Фернан хотел ответить, но голос замер у него в горле, и он не мог выговорить ни слова.

– Сегодня помолвка… завтра или послезавтра обручение… черт возьми, вы очень спешите, капитан!

– Данглар, – отвечал Эдмон с улыбкой, – я вам скажу то же, что Мерседес сказала сейчас Кадруссу: не наделяйте меня званием, которого я еще не удостоен; это накличет на меня беду.

– Прошу прощения, – отвечал Данглар. – Я только сказал, что вы очень спешите. Ведь времени у нас довольно: «Фараон» выйдет в море не раньше как через три месяца.

– Всегда спешишь быть счастливым, господин Данглар, – кто долго страдал, тот с трудом верит своему счастью. Но это не только себялюбие, – я должен ехать в Париж.

– Вот как! В Париж! И вы едете туда в первый раз?

– Да.

– У вас там есть дело?

– Не мое: надо исполнить последнее поручение бедного нашего капитана Леклера. Вы понимаете, Данглар, это дело святое. Впрочем, будьте спокойны, я только съезжу и вернусь.

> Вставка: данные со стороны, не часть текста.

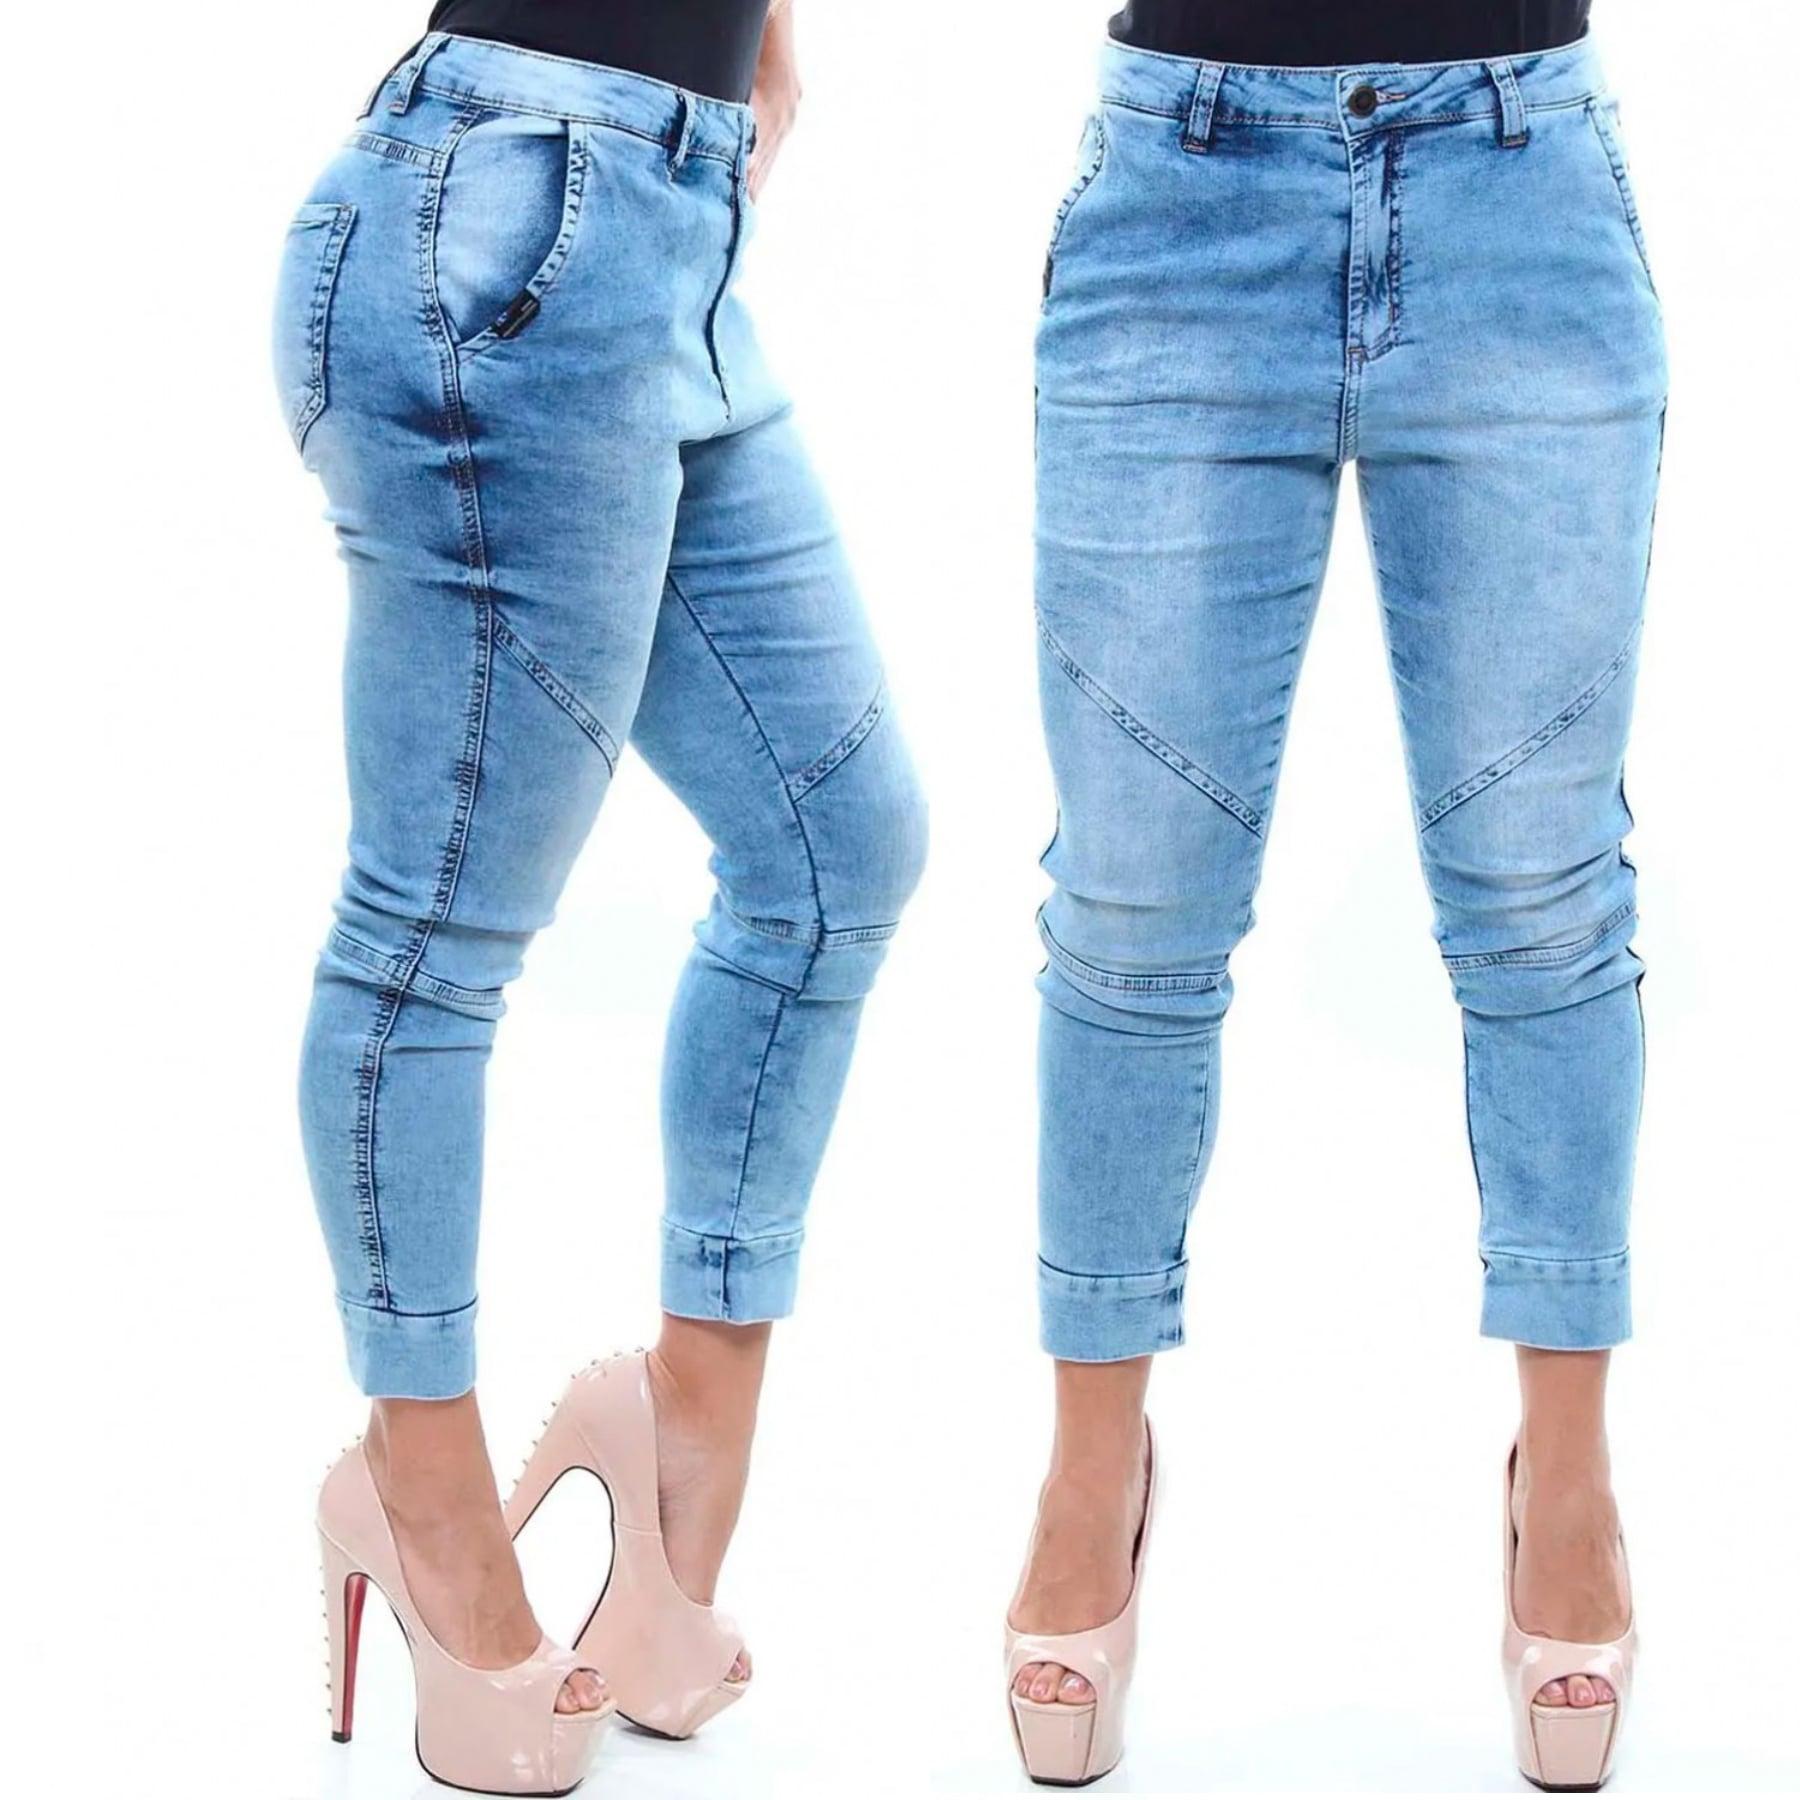 Calça Jeans Feminina Jogger Cor Jeans Claro Crocker

– Да, да, понимаю, – вслух сказал Данглар.

Потом прибавил про себя:

«В Париж, доставить по назначению письмо, которое ему дал маршал. Черт возьми! Это письмо подает мне мысль. А, Дантес, друг мой! Ты еще не значишься в реестре „Фараона“ под номером первым!»

И он крикнул вслед удалявшемуся Эдмону:

– Счастливого пути!

– Благодарю, – отвечал Эдмон, оглядываясь через плечо и дружески кивая головой.

И влюбленные продолжали путь, спокойные и счастливые, как два избранника небес…

 

IV. Заговор

 

Данглар следил глазами за Эдмоном и Мерседес, пока они не скрылись за фортом Св. Николая; потом он снова повернулся к своим собутыльникам. Фернан, бледный и дрожащий, сидел неподвижно, а Кадрусс бормотал слова какой-то застольной песни.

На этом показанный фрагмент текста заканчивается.